Prakash Kumar Pallathadka is a professor of biological sciences specializing in plant development, tissue culture, plant psychology and molecular biology at the Department of Biological Sciences, National University of Singapore (NUS).

==History, education and family==

He did his Bachelor of Science from University of Mysore with First Class in 1979 and went on to pursue MSc from Madras University in 1981. As an outgoing graduate at Madras University, he won the first rank with first class. His doctoral research was completed in the year of 1988 and he awarded PhD from the University of Calgary, Canada.
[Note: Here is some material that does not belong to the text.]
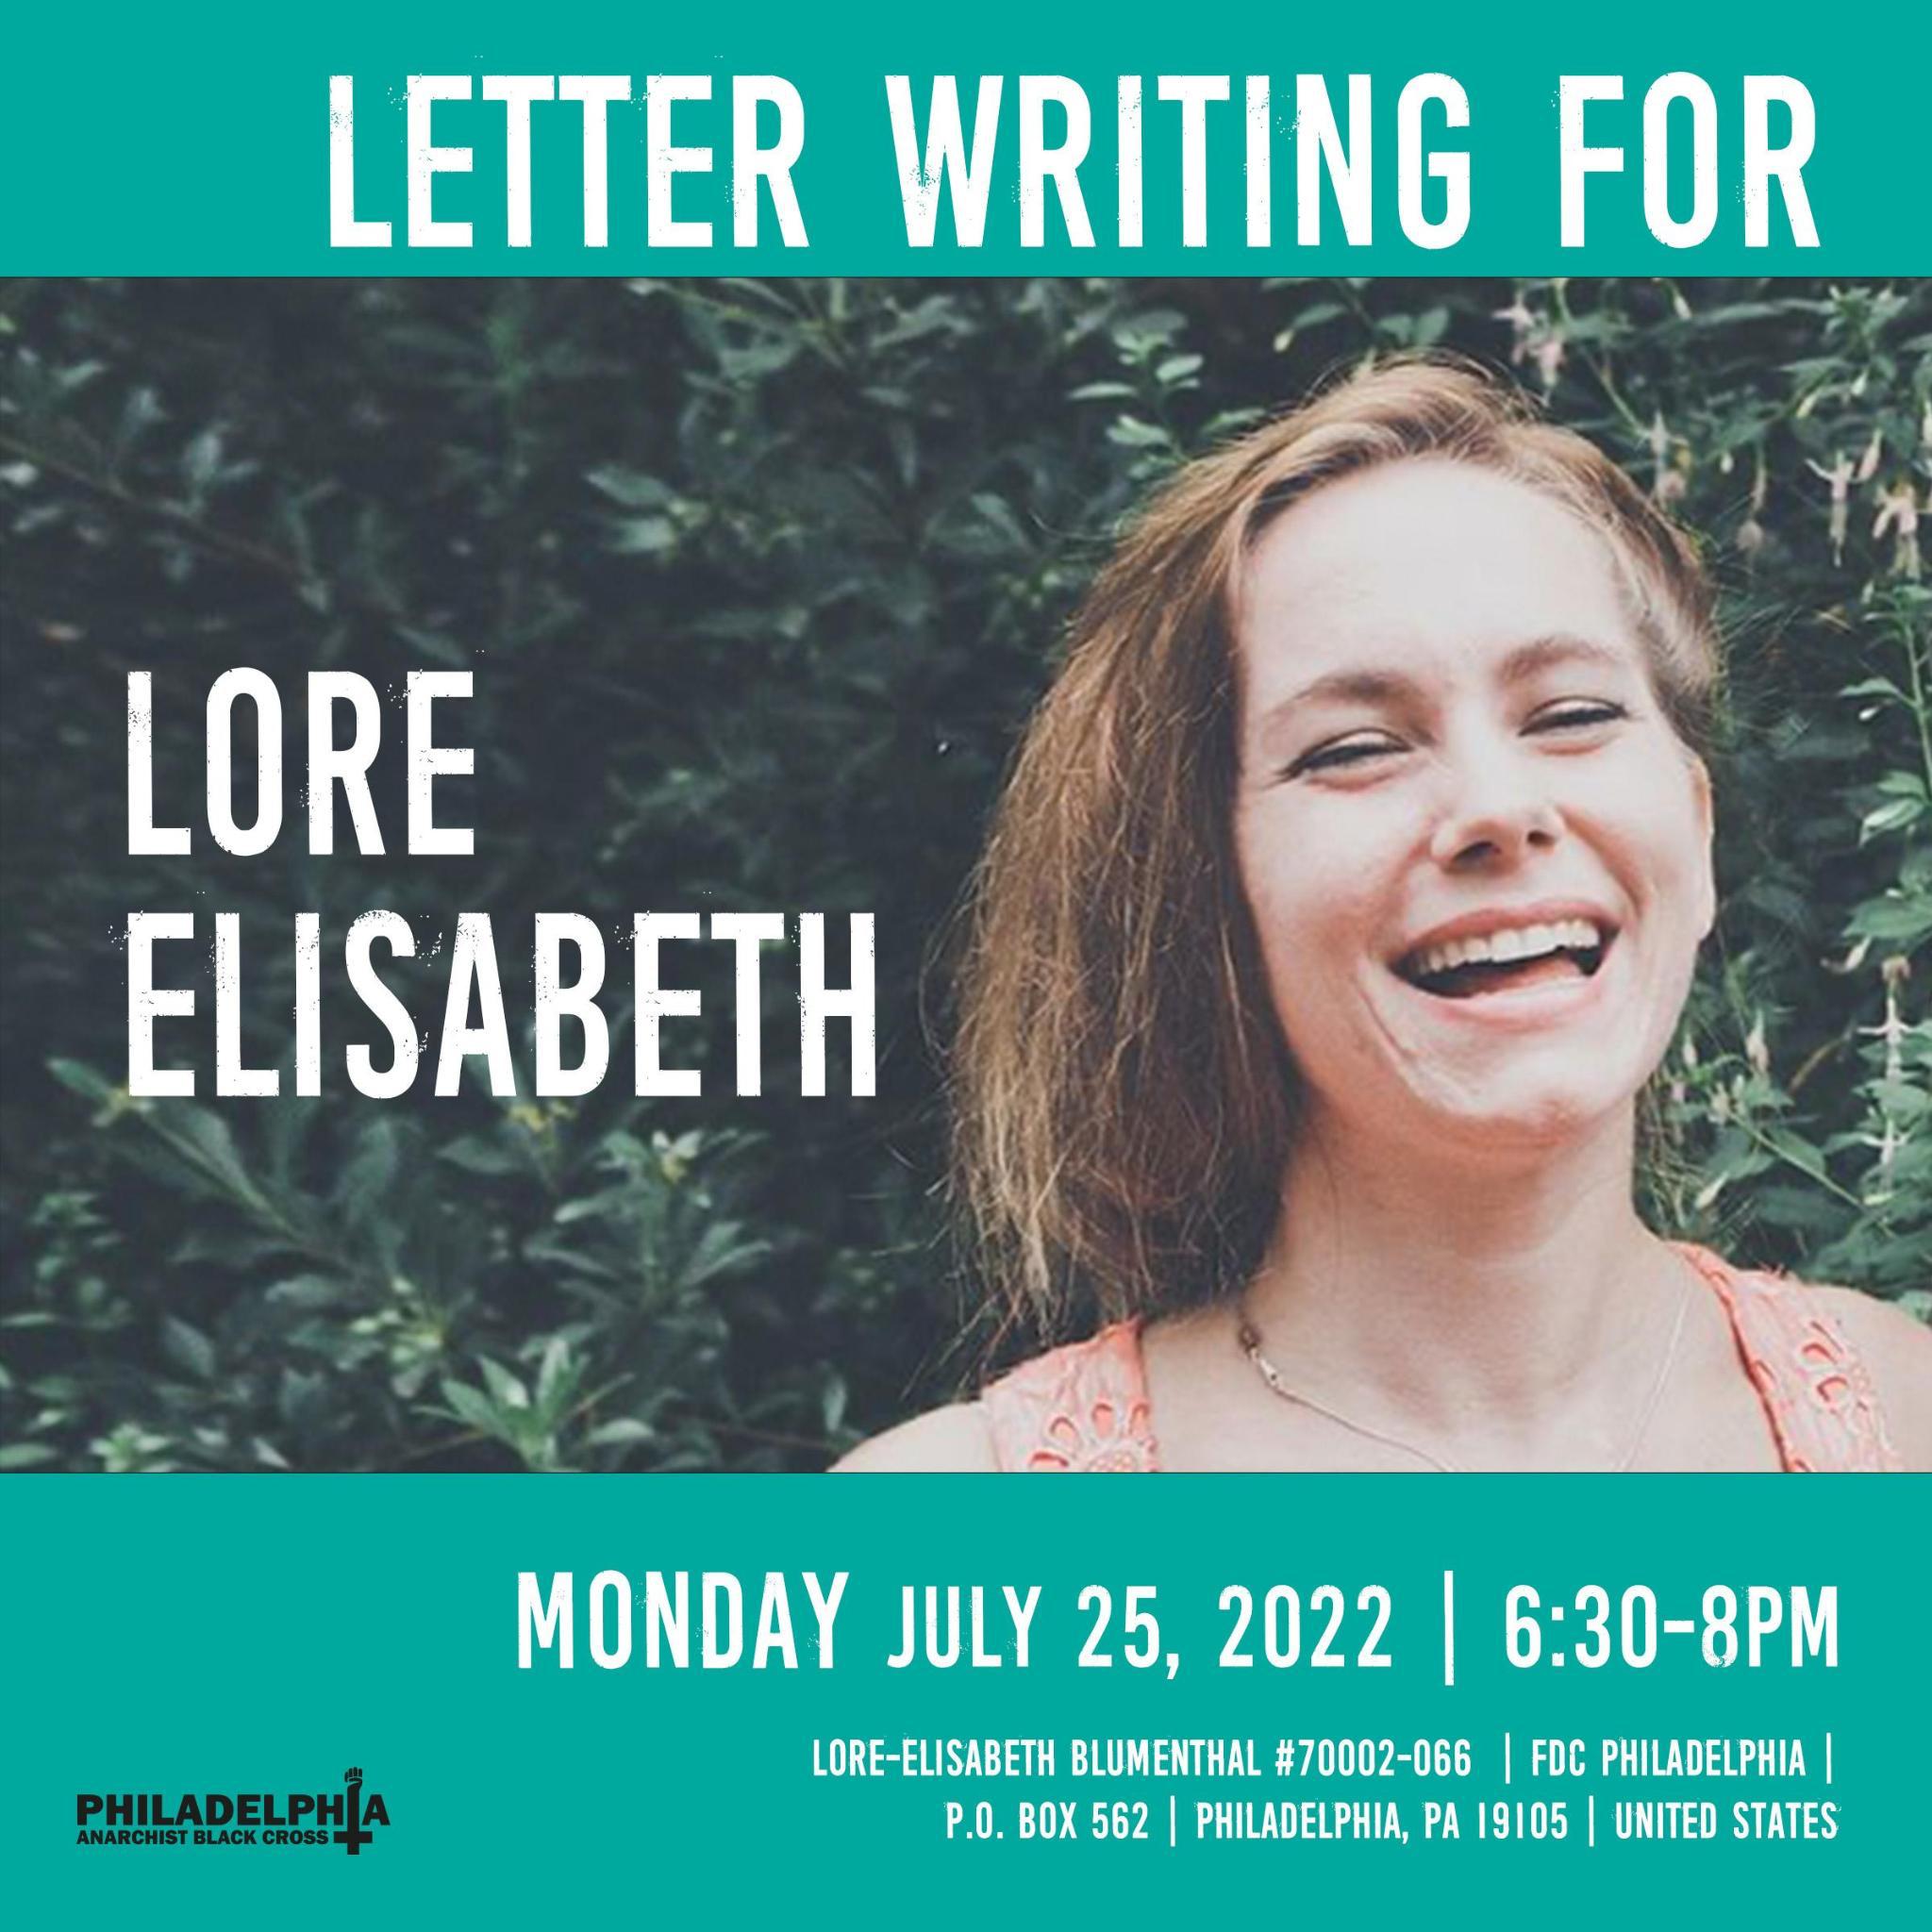 Monday July 25th: Letter-writing for Lore-Elisabeth Blumenthal

He is the first of six children of Pallathadka Venkatramana Bhat & Taradevi. He hails from Pallathadka, a hamlet in Kasaragod district of the State of Kerala in India. He is a Havyaka Brahmin and belongs to the well-known Pallathadka Family. He is married to Nagaratna Prakash and has two children, one son and one daughter.

==Profession==

He is currently serving as a professor at the Department of Biological Sciences in the main campus of NUS. Ever since joining the National University of Singapore, he has held important positions at various levels.

He is also editor of Plant Cell Reports (from Jan 1999) and Plant Biotechnology Reports (from April 2007) (Both Academic Research Journals published by Springer).

He has a number of patents and research accomplishments to his name. He has also authored a number of books and research papers.